I'm not even sure why it's become a competition.
I didn't register for a competition.
I signed up for love.
I loved.
See it still beats love...
My heart heaving there on the floor...
covered in knife wounds.
And in the midst of all of the suffering here
In the recovery
In the trying
I am thrown in a race... running...
Fighting for my own given title
Fighting to keep my name
on my own damned track.
I am invisible and he is bewitched.
She is bewitching.
I hate it.
All of it.
White rage.
Black out.
I've lost consciousness.
I've lost some sort of grip.
No steadiness.
And so,
I came to
An ocean rushing in... slow and loud...
crescendo.
I sat there just letting it all wash over me.
Letting it all bleed out in tears.
Every heartbeat pulsing the ache.
Every vein carrying the pain.
Rushing.
Rushing.
Rushing.
and still so empty and hollow.
At least I can button my coat.
But I don't feel particularly warm.
Just cold all of the time.
And I wept... wept to free myself of it
Of the deep sadness
Trying to rid myself of it all...
and it won't go easily.
Our DNA strands got tangled.
I feel I'm killing my body trying to rid it of him.
Trying to turn myself inside out
So I give in... for a moment... just give in.

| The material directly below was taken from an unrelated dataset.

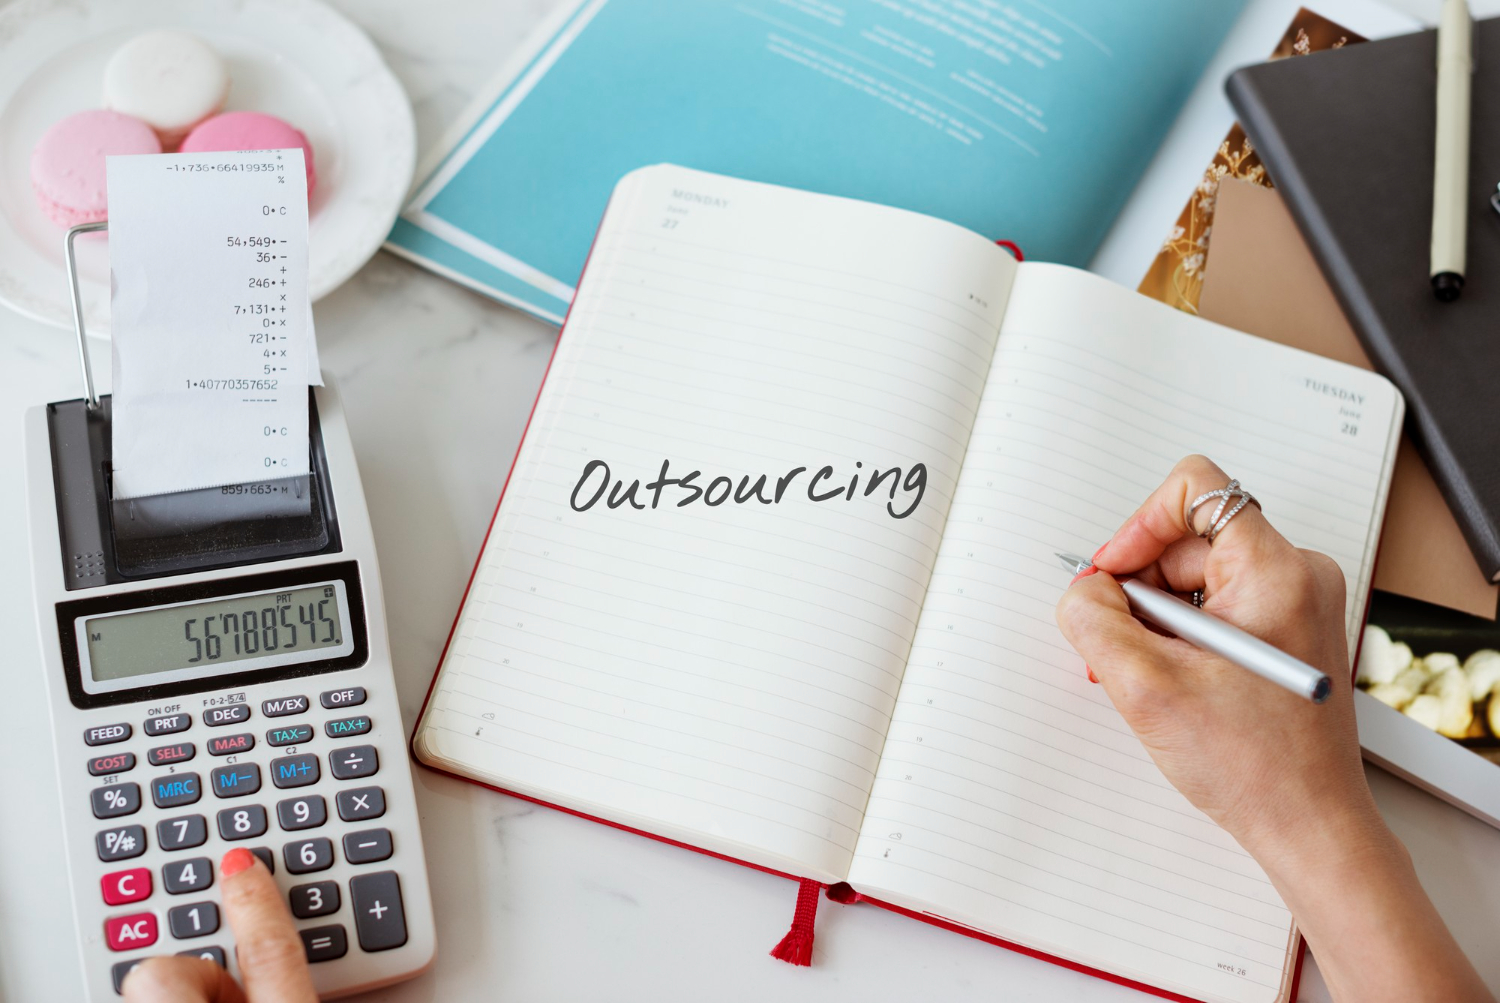 A person writing outsourcing and calculating the cost

But we aren't ever alone here, are we...
Always a ghost.
A shadow.
The scent.
The laughter.
Looking over my shoulder.
Wondering.
My face, uncherished, won't glow
My lips, unkissed, won't turn upward
My heart, unwon won't sing anything but the blues
[Lament, you weary fool.]
My body unwanted buried in black.
My mind, tormented, paces like a madman in a cell.
Back and forth.
Back and forth.
Back and forth.
Repeating back lies like incantations.
Seeing all for a while... seeing it all in plain sight like a silent oracle.
And still repeating lies.
[You unfortunate wretch.
They beg you to wake up.
An heiress dressed like a pauper.
A queen bowing to her king's cruel mistress
In her guilded cage of stockholm syndrome
Wake up, you sleeping fool.
Take this pill and carry on.]
I'll take nothing.
I want to feel it all
I want to feel the depths of these dark days.
But I'll no longer bow.
Leave me to grieve it, now.
But I'll rise.
I'll rise like a sun.
Like a scorned goddess plucked from the yawning jaws of death
by the hands of providence itself.
Let me weep here for a moment.
I'll take back all that is rightfully mine.
But for now, just you watch this terrible dance...

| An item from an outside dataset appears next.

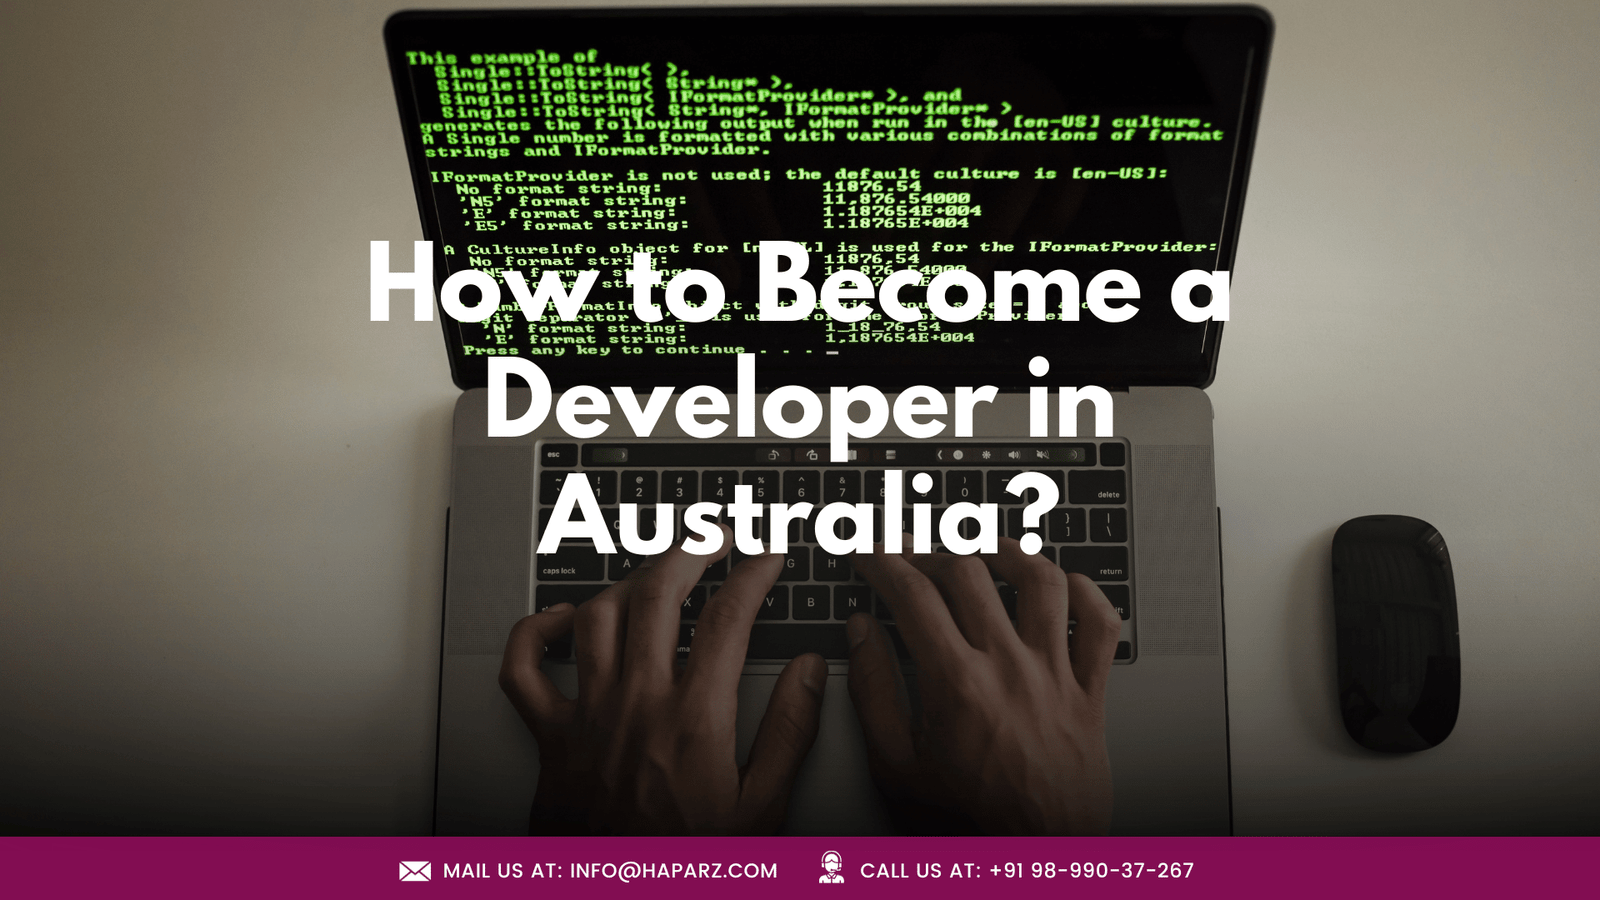 How to Become a Developer in Australia?

Just get lost in the sound.
Let the dreary symphony finish.
Let them revel.
Let them finish their spinning of lies.
The dawn will turn those words to dust,
and I'll have mine.
I'll have mine.
I'll have mine.
Just let me cry for a while longer.
Let me sleep, until I wake.
I'll awaken...
and a gentle hand will place a wildflower in my hair.
He'll say...
Come away
Come away
Come away.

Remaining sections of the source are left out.